→ Supplied material:
◆ ◆ ◆ ◆ ◆

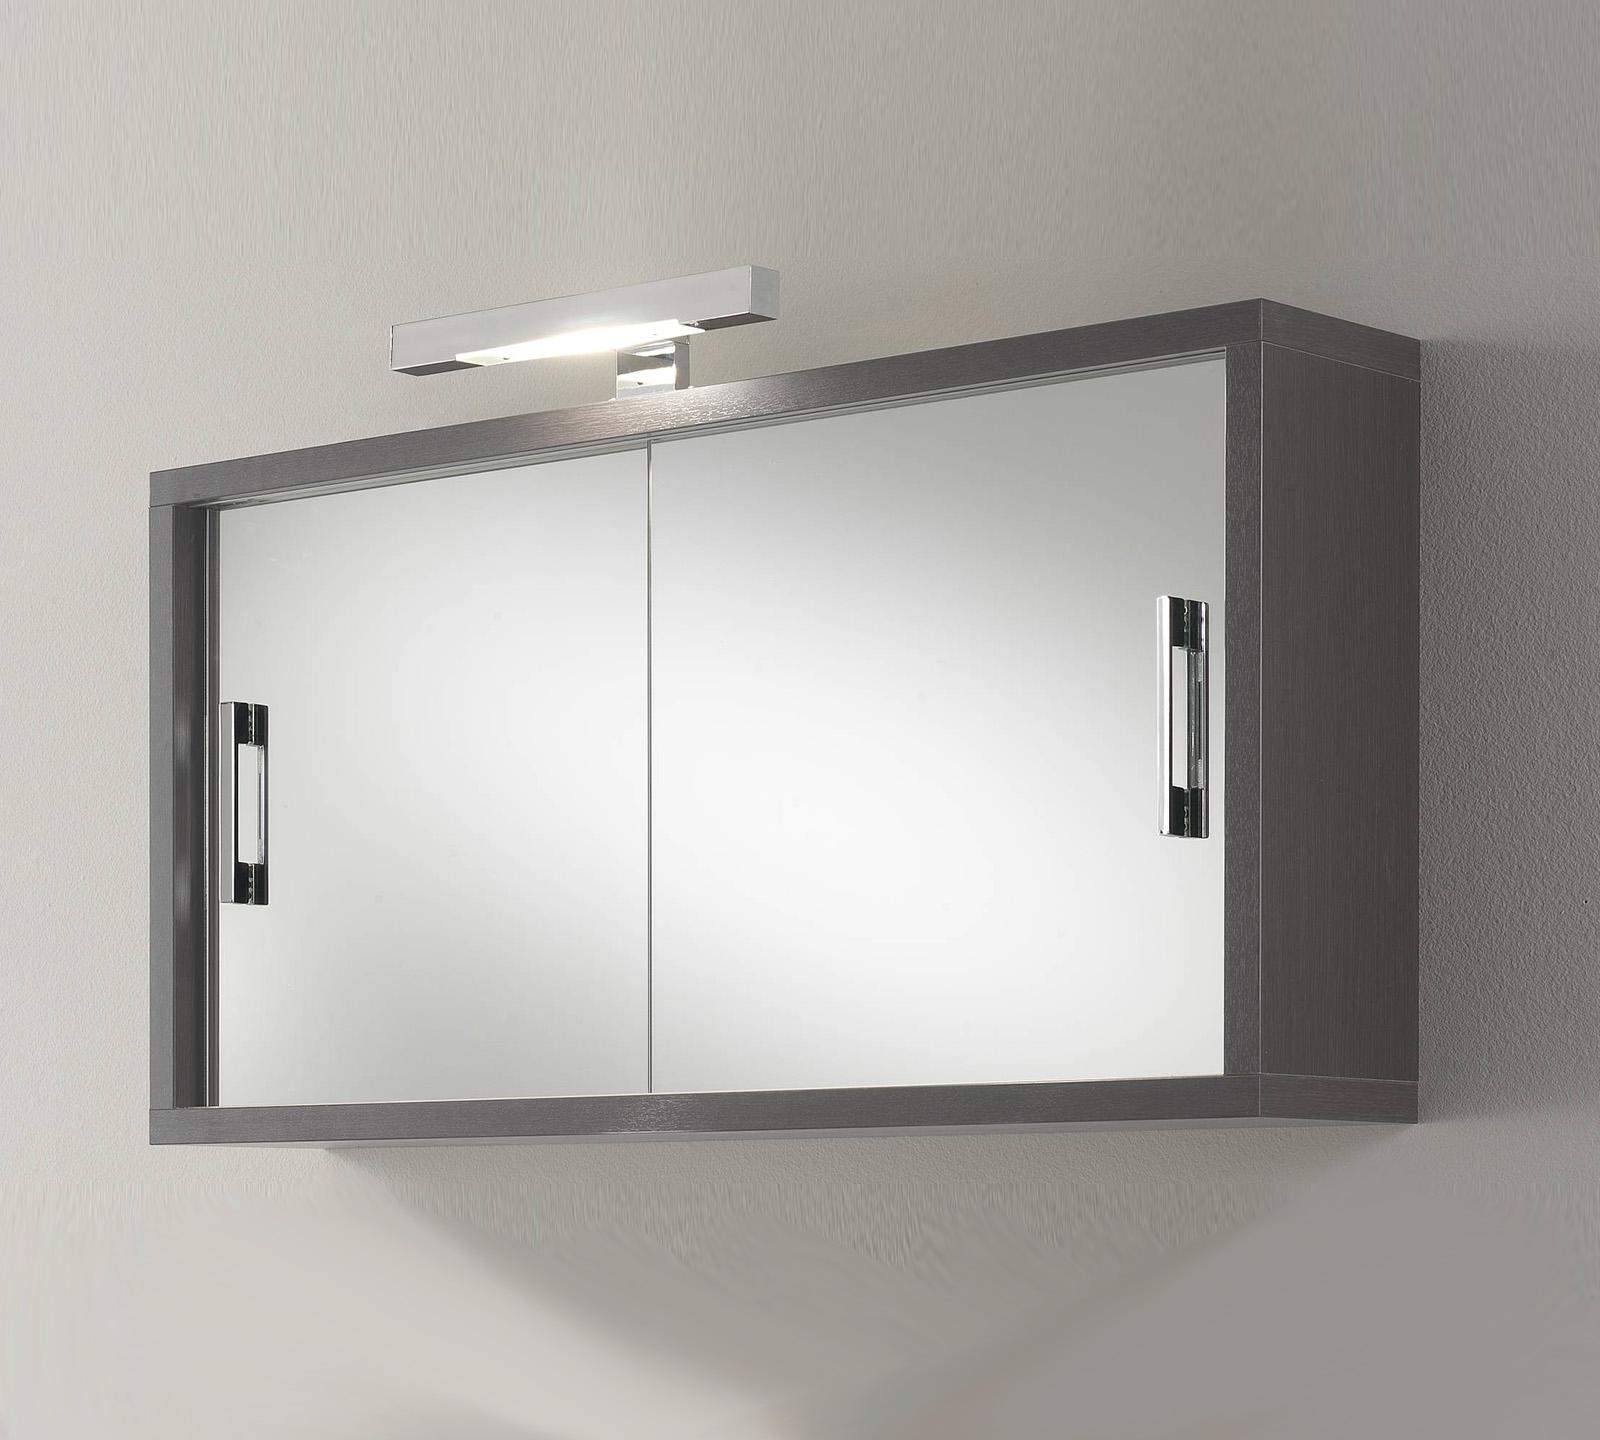 Specchio contenitore gv400 pino grigio duzzle for Specchio bagno grigio
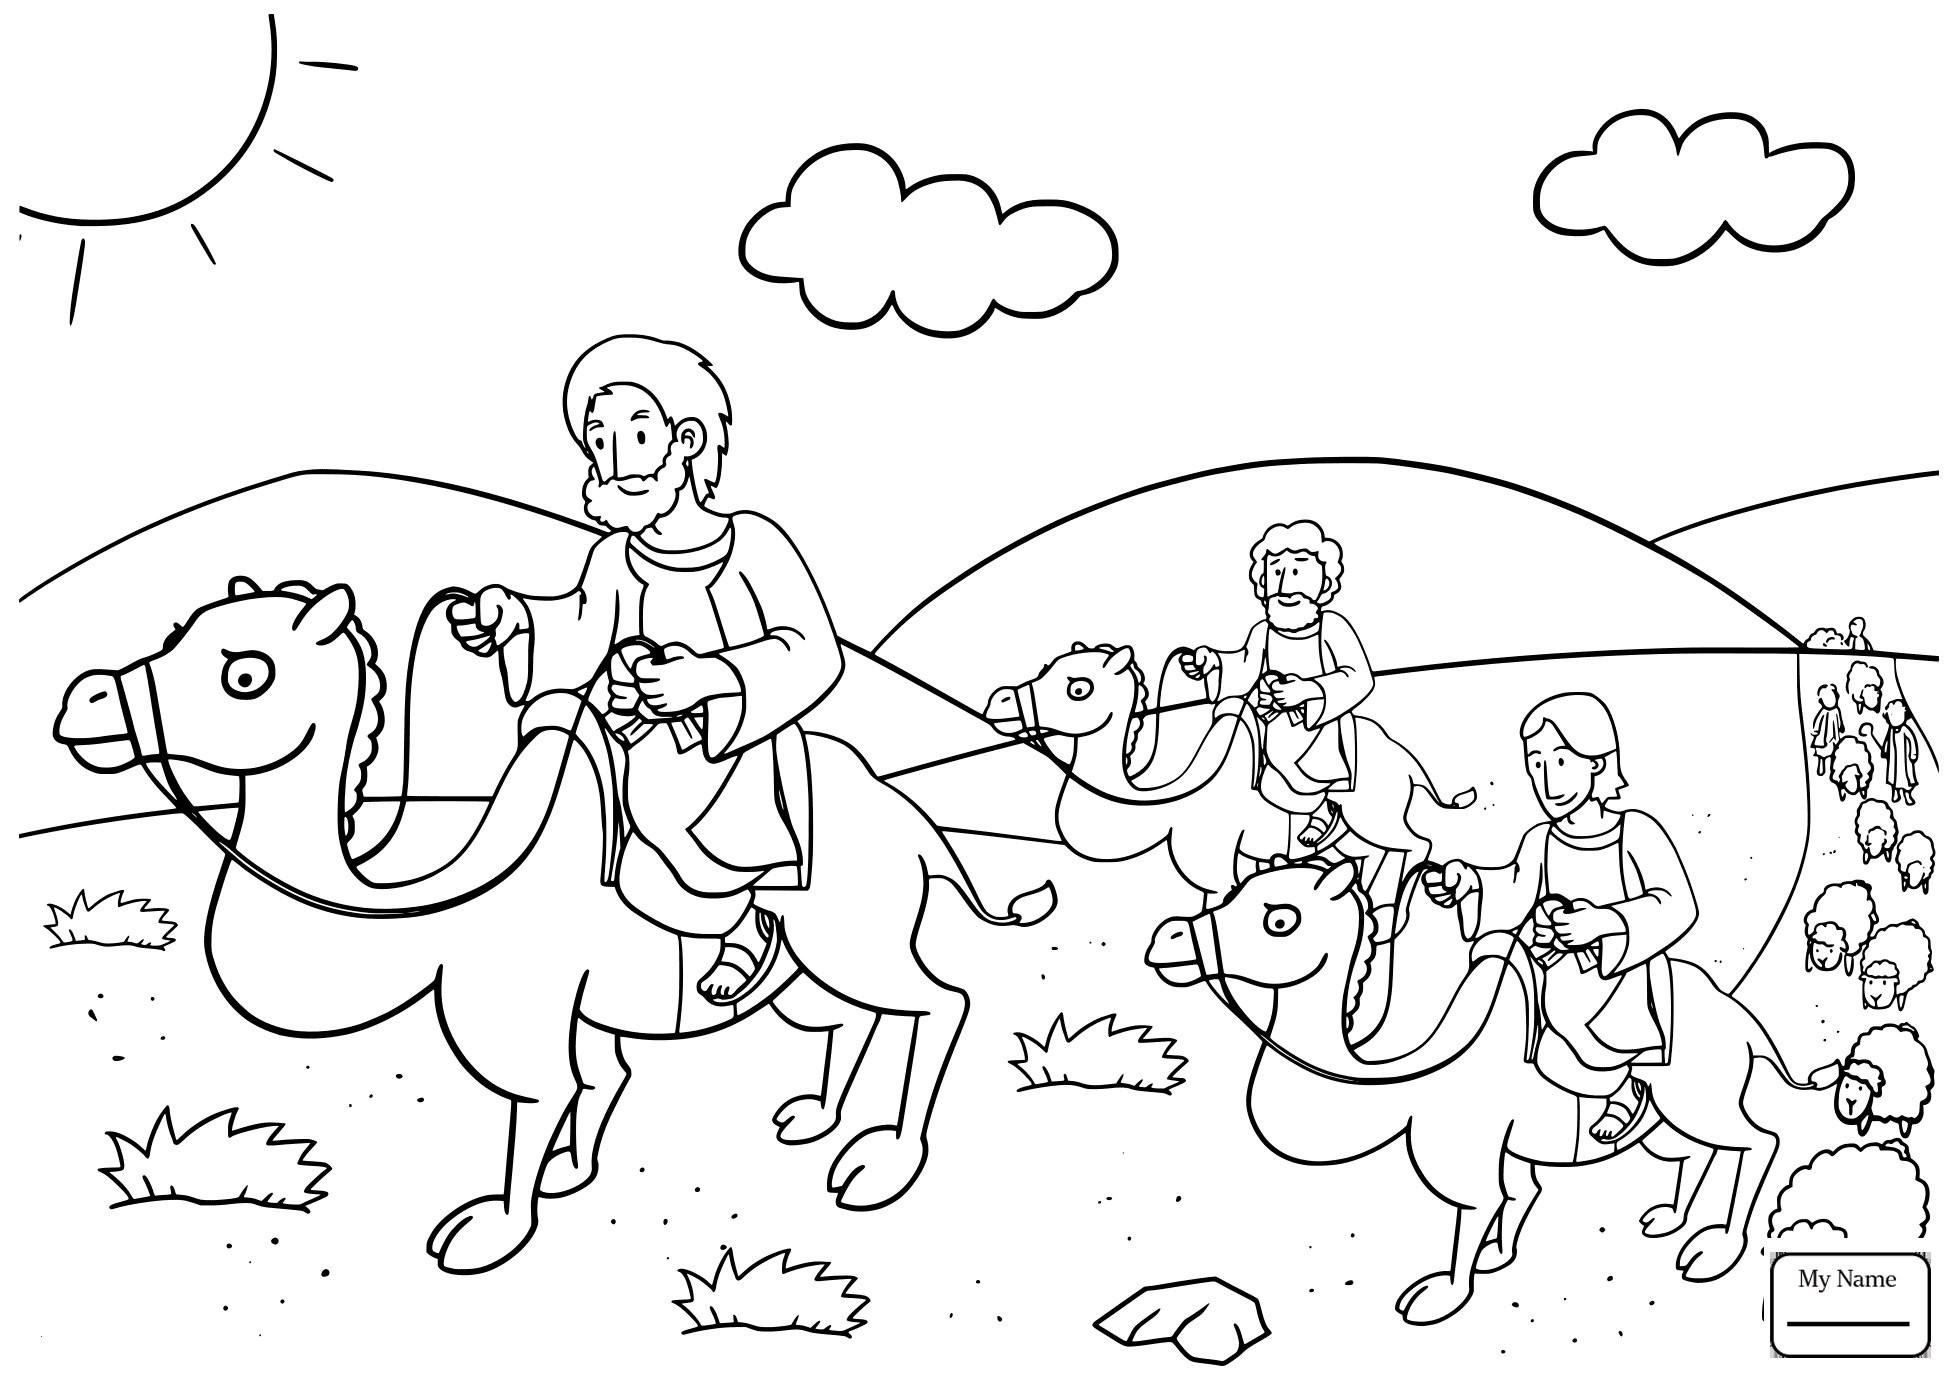 Jakob Und Esau Ausmalbilder Neu Wurst Ausmalbilder Ultra Coloring Pages Genial Ausmalbilder Wurst Fotografieren
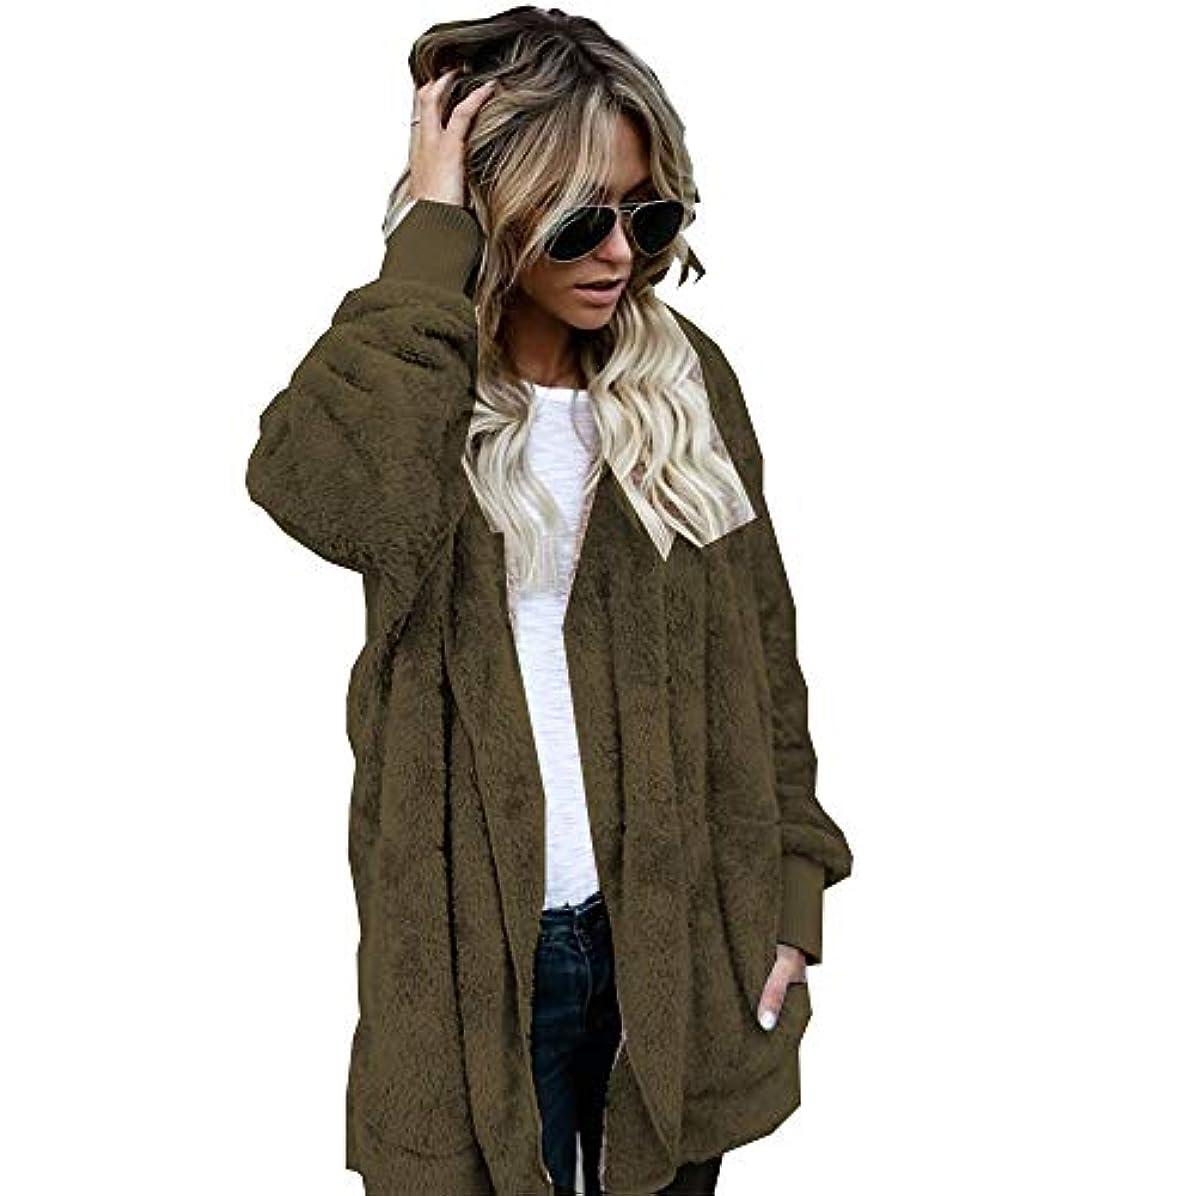 カートン玉ねぎ引き出しMIFAN 長袖パーカー、冬のコート、女性のコート、女性の緩い厚く暖かいフェイクファーフード付きカーディガン

◆ ◆ ◆ ◆ ◆

→ Aim of the exercise:
The material should be duplicated word for word, with no images included.

→ Finished task:
 Specchio contenitore gv400 pino grigio duzzle for Specchio bagno grigio
 Jakob Und Esau Ausmalbilder Neu Wurst Ausmalbilder Ultra Coloring Pages Genial Ausmalbilder Wurst Fotografieren
 カートン玉ねぎ引き出しMIFAN 長袖パーカー、冬のコート、女性のコート、女性の緩い厚く暖かいフェイクファーフード付きカーディガン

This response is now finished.